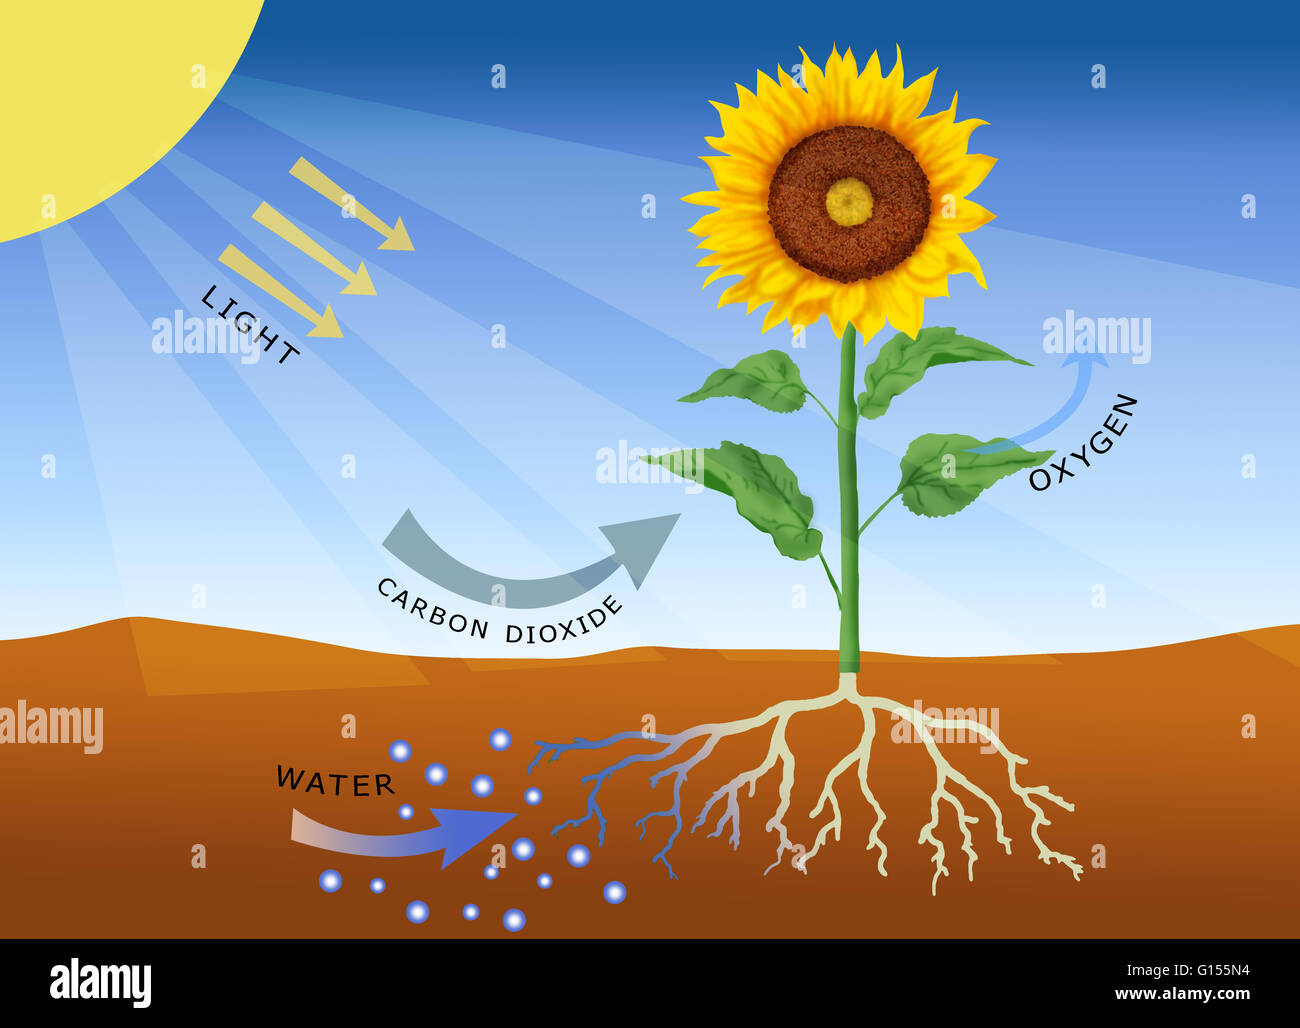 La fotosintesi, computer grafica. La fotosintesi è il processo mediante il quale la maggior parte delle piante (così come le alghe e alcuni batteri) convertono la luce solare in energia chimica. Questa energia viene utilizzata per produrre carboidrati, quali amido, che viene immagazzinato e utilizzato per crescere Foto Stock
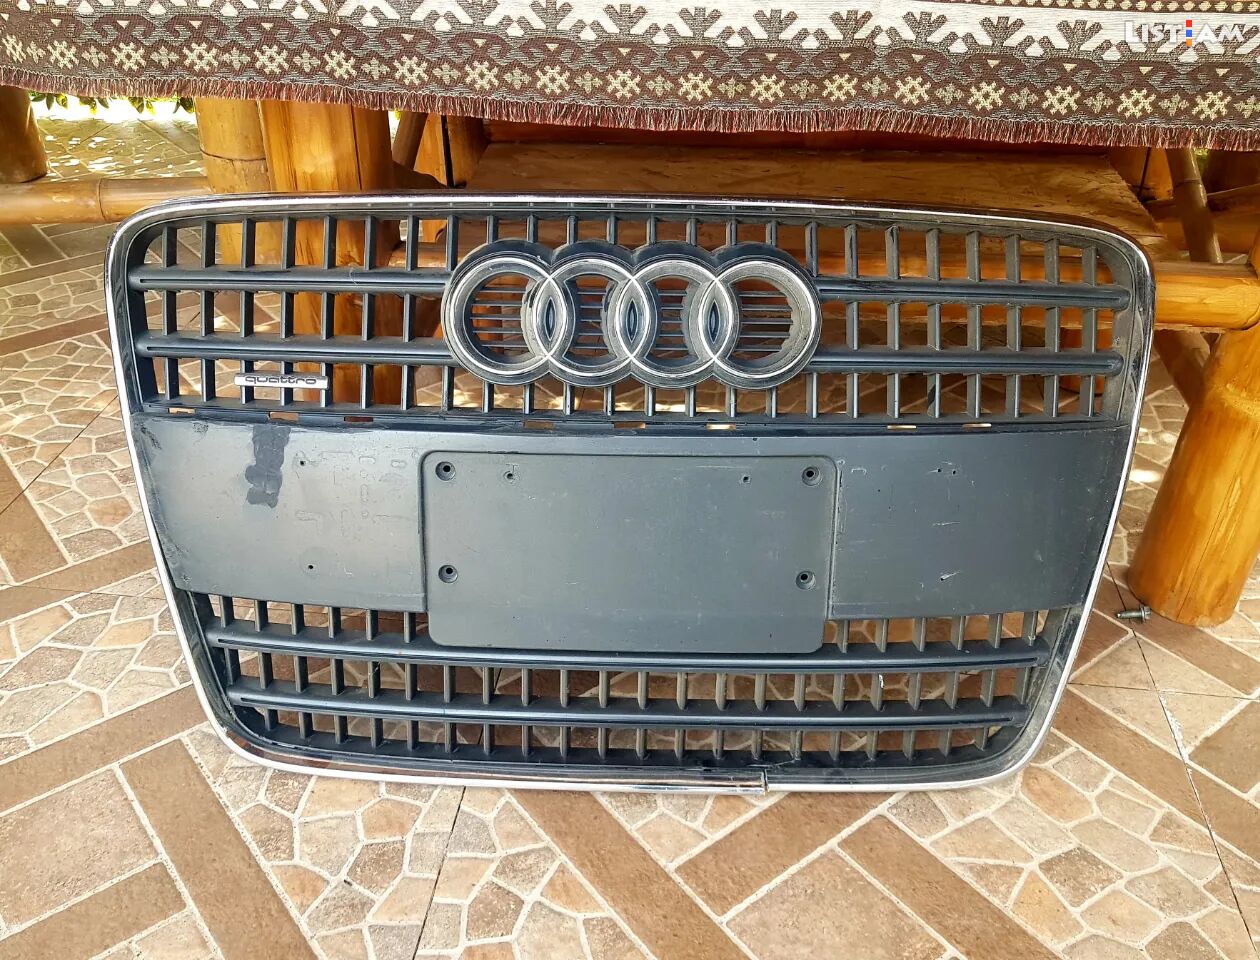 Audi q7
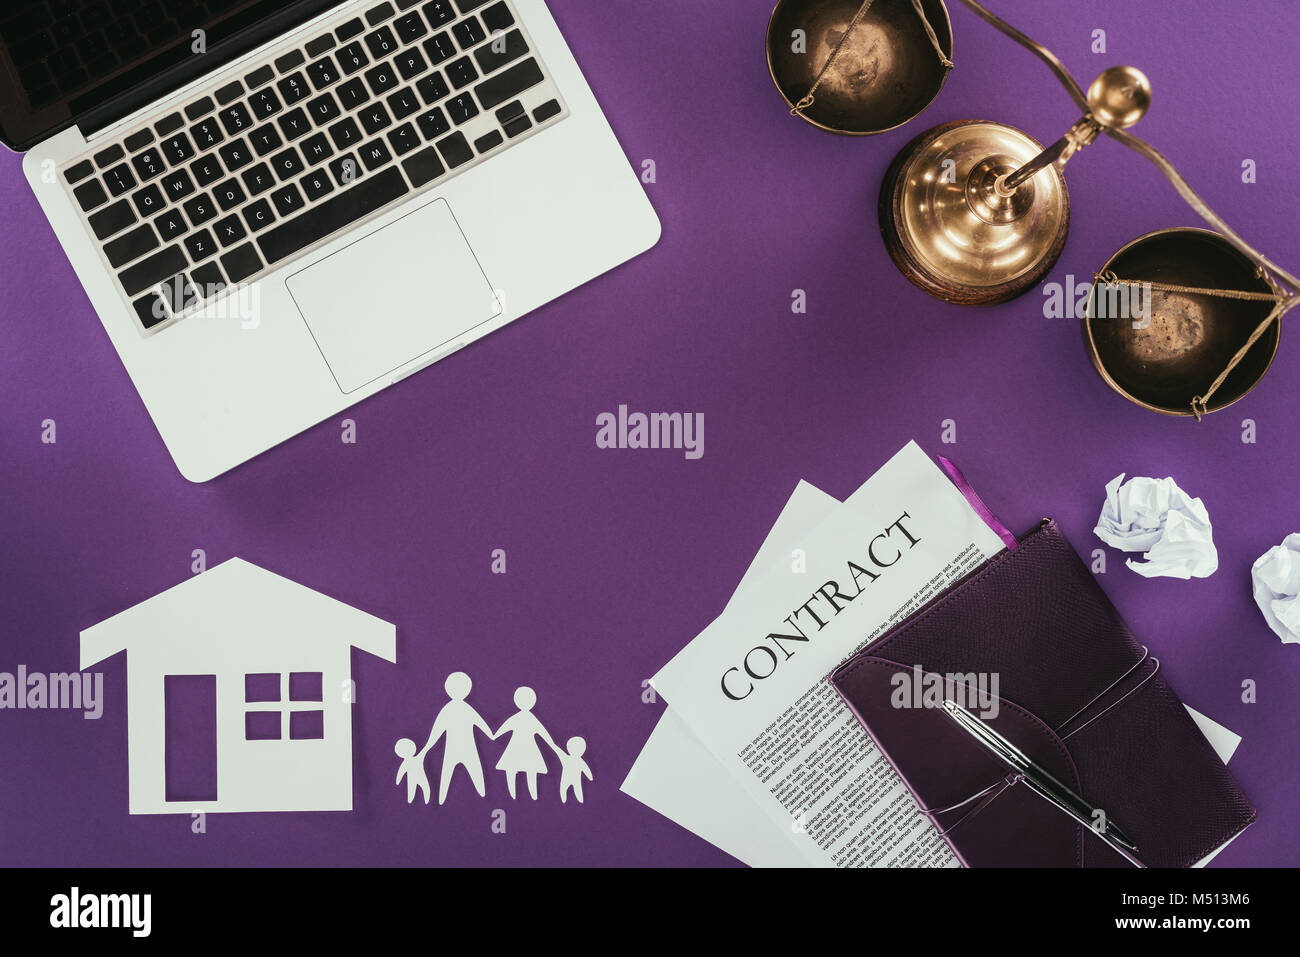 Vista superior del trabajo con empresas de seguros del hogar y de la familia oncept sobre púrpura mesa Foto de stock

☆ ☆ ☆ ☆ ☆ ☆ ☆

**WORK TASK:** The output is to be the material in full and unaltered, with pictures omitted.

**TASK RESULT:**
 La fotosintesi, computer grafica. La fotosintesi è il processo mediante il quale la maggior parte delle piante (così come le alghe e alcuni batteri) convertono la luce solare in energia chimica. Questa energia viene utilizzata per produrre carboidrati, quali amido, che viene immagazzinato e utilizzato per crescere Foto Stock
 Audi q7
 Vista superior del trabajo con empresas de seguros del hogar y de la familia oncept sobre púrpura mesa Foto de stock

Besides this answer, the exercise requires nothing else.